There are two stages in the process. There’s the time before they come to us, where people have their disorder for anywhere from half a year to up to four decades without a diagnosis. We seldom make the diagnosis in the one week period where we see them for initial testing, but we continue to work on these diagnoses for years. Infinity is the time that we take. Even if we don’t make a diagnosis, we keep their file, and we keep their cases in our memories. Sometimes a new disease will be discovered and we look into it further and we’ve made some diagnoses based on that. If we’ve done the genetic testing for an individual, we can review it again at a future stage. There may be more genes now associated and identified for their condition.
What is one of the most unusual cases your team has worked on that’s stuck with you?
Well, the issue of sticking with me is a temporal issue. We have some recent cases we solved that stick with me, and there are ones we haven’t solved that I think about. We had one man come in who had what appeared to be meningitis. His brain was inflamed and he had a fever, but there were no signs of a bacterial infection. What we found was that he had a mutation that activates a protein, called interleukin 1 beta, that causes the initiation of the immune system’s inflammatory process. This protein was being produced in huge amounts. It was causing headaches and hurting his ability to think well. He was in a wheelchair. There was an available drug on the market that blocks interleukin 1. He came into the clinic and we gave him the drug. Within hours he got better. He stood up and walked out. We were stunned by that.
Why is it important to study rare diseases, generally?
When we discover a new disease, it can tells us about a pathway that could impact other, more common diseases. There may be a milder form of that disease, and there may, in fact, be common therapies available that could help. And the pathway that is revealed by the new genetic disease not only informs science and medicine, but captures the interest of the pharmaceutical industry, because it can reveal druggable targets.
Have there been changes in genomics or genomic testing technology that have made your job easier?
Yes, actually, the common use of exome sequencing and next generation sequencing started shortly after we started the program in 2008. The cost of an exome sequencing has fallen so much and and has really evolved rare disease discovery. Methods of analyzing DNA sequences are also improving, so we know with more certainty what could be a disease-causing change (i.e. a mutation) and what changes are benign.

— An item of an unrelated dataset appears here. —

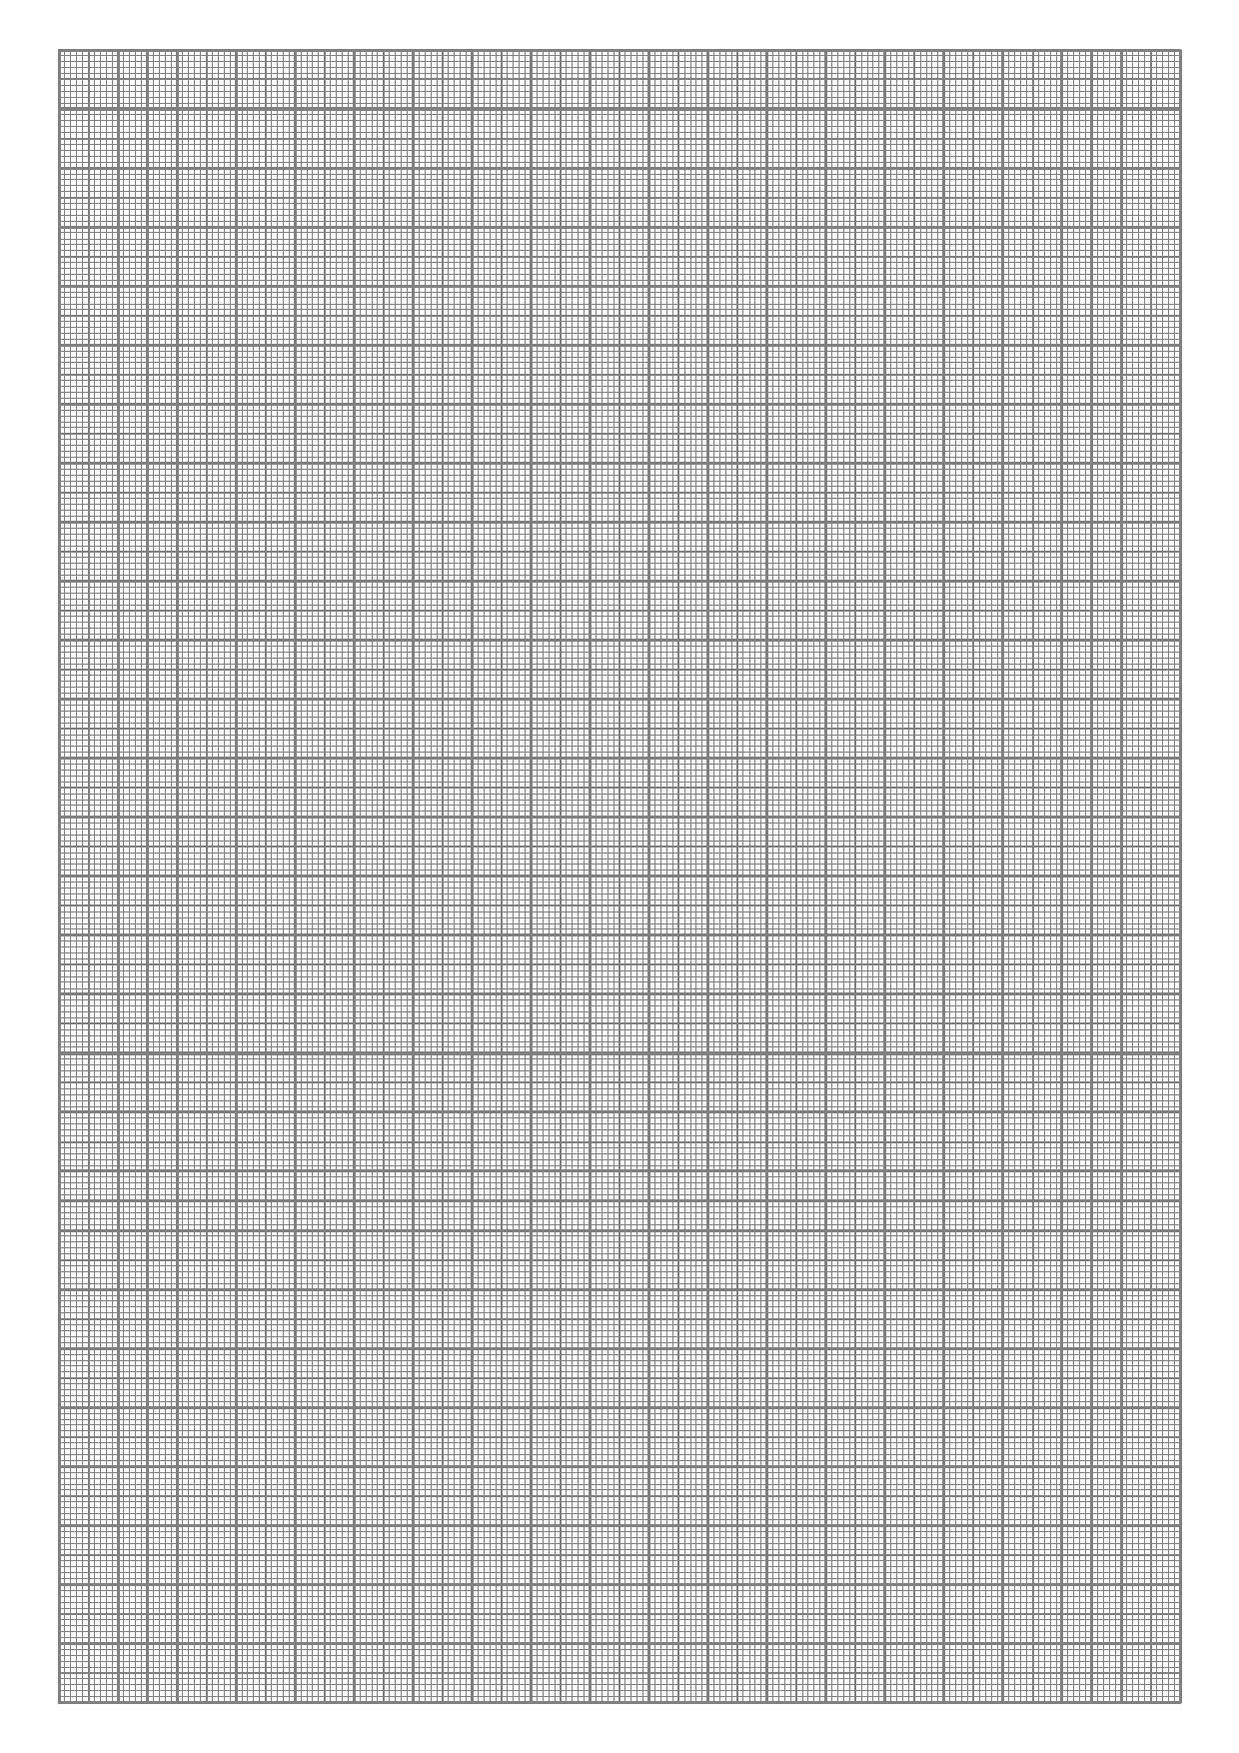 Premium Graph Paper Template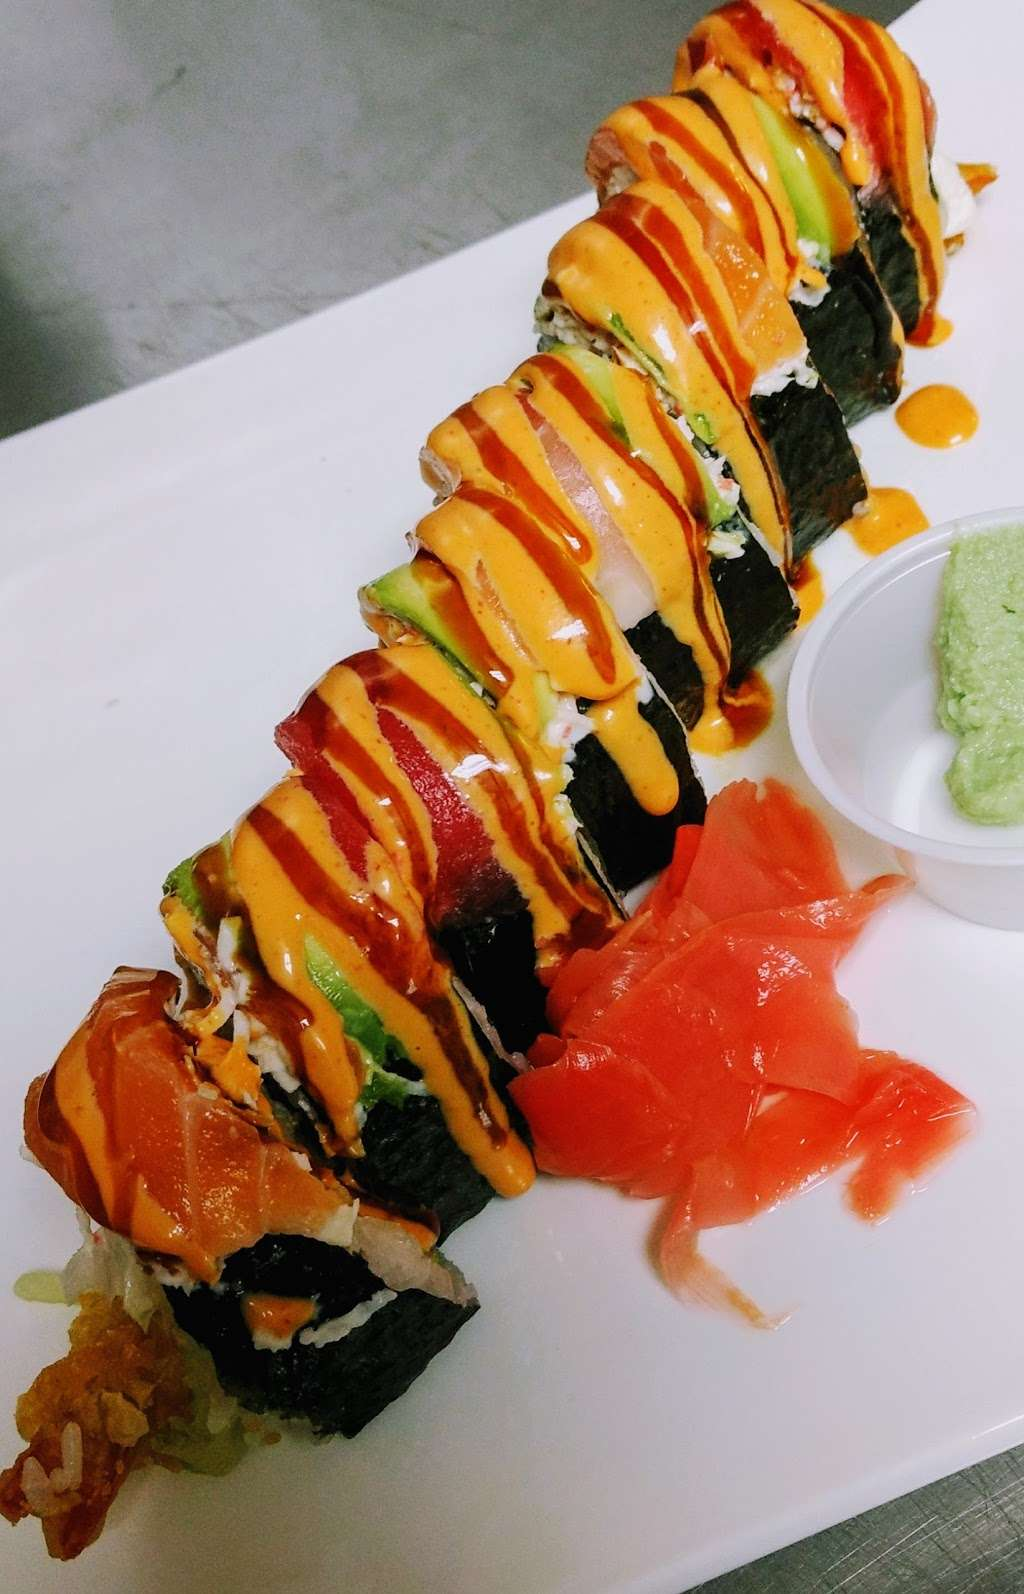 Sushi Station Revolving Sushi Bar 2223 Louisiana St Lawrence Ks 66046 Usa Lawrence, kansas by josh ritter. sushi station revolving sushi bar 2223

The UDN is currently funded by NIH — how do you envision it evolving in the future?
I don’t control the budget. But I think it would be valuable if, in the future, undiagnosed diseases programs were maintained at medical clinics throughout the world. It’s valuable for patients. A second aspect is that we can continue to feed our database. There’s a UDN database that has all the phenotypes and genotypes of the people we see, and that’s incredibly valuable. We can invite more individuals to put their data into it. If you think about the cost of this program, it’s basically the wing of an airplane. And patients who come to us have undergone previous medical testing that cost tens of thousands to millions of dollars.
There are a lot of people living with undiagnosed conditions who may not end up at the UDN. What advice do you have for people going through a diagnostic odyssey?
I think that if local physicians can’t make a diagnosis, then people should definitely see several different specialists, if they can. This is perhaps best done at university-based medical centers.